24 July: A baby killer whale is pushed by her mother after the birth of the canadian coast near Victoria, British Columbia.
(Center for Whale Research via AP)
A mourning orca continued to carry her dead calf for a fifth straight day on Saturday, which is a rare occurrence in nature and is supposed to mourn.
J35, a member of the endangered southern resident family of the killer whales, gave birth to her calf on Tuesday only to watch it die within a half hour.
“The baby was newborn had no mud. It continued to sink, and the mother would raise it from the surface,” Ken Balcomb, a senior researcher at the Center for Whale Research on San Juan Island, Washington State, said:
Since then, they that the calf body around on its nose, diving to pick it up if it falls off. She was last observed at the beginning of the evening on Saturday in the Canadian waters.
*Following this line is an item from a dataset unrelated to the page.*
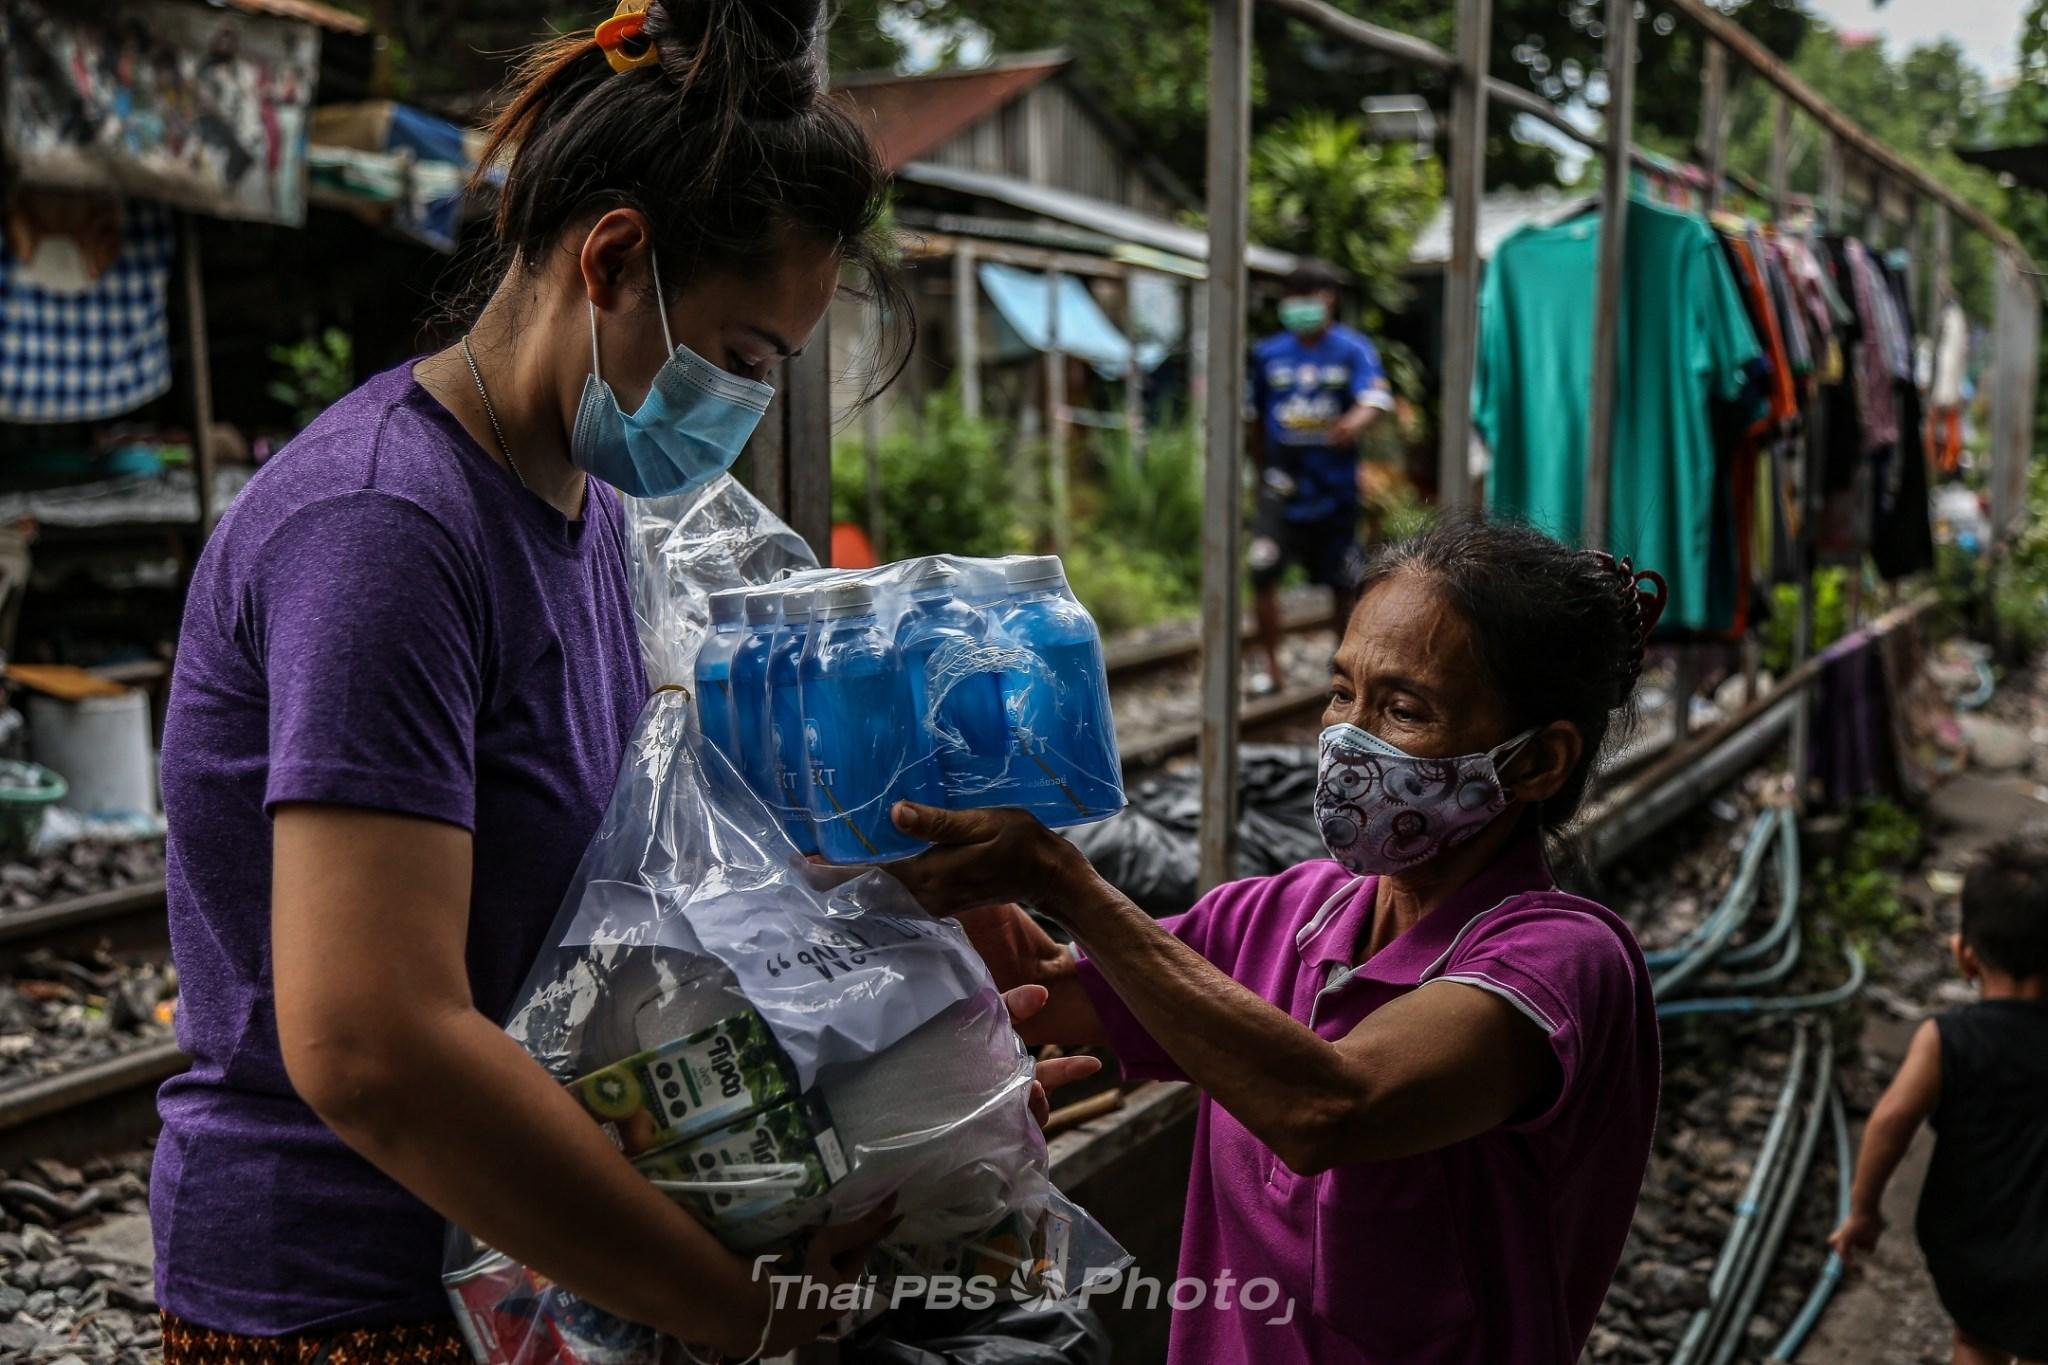 แจกเครื่องอุปโภคบริโภค ช่วยชุมชนในพื้นที่สีแดง | 8 พ.ค. 64

Scientists have documented grieving behaviour of other animals with close social ties in small, close-knit groups, observed wearing of newborns who did not survive. The baby orca was the first calf born in the three years before the endangered orcas, the Center for Whale Research said.
Seven species in seven geographical regions of three oceans have been documented wearing the body of their dead young, including Risso’s dolphin in the Indian Ocean, the Indo-Pacific bottle-nosed dolphin and the spinner dolphins in the Red Sea, and pilot whales in the North Atlantic ocean.
But more than 24 hours of mourning is a rare phenomenon, says Deborah Giles, a scientist from the University of Washington Center for Conservation Biology and director of research for the non-profit Wild Orca.
“It is terrible. This is an animal is a living being,” Giles told the AP. “It understands the social relationships that it has with the rest of his family members. She carried the calf in her belly from 17 to 18 months, they are connected and they don’t want to let go. It is that simple. They mourn.”
J35 the news came, just as the investigators were also keeping track of a 4-year-old in the south-resident who is ill, and whose survival may be in doubt due to the loss of body fat.
Researchers are increasingly concerned with the fate of the southern residents, who are the face of three major challenges for their survival as a species: toxins, vessel traffic and the lack of sufficient food (their primary food source is chinook salmon
The most recent census of the killer whales has shown that they are number 75 in the area, across three southern resident pods. For the last three years no new calves are born to the shrinking of whales in the Pacific Northwest.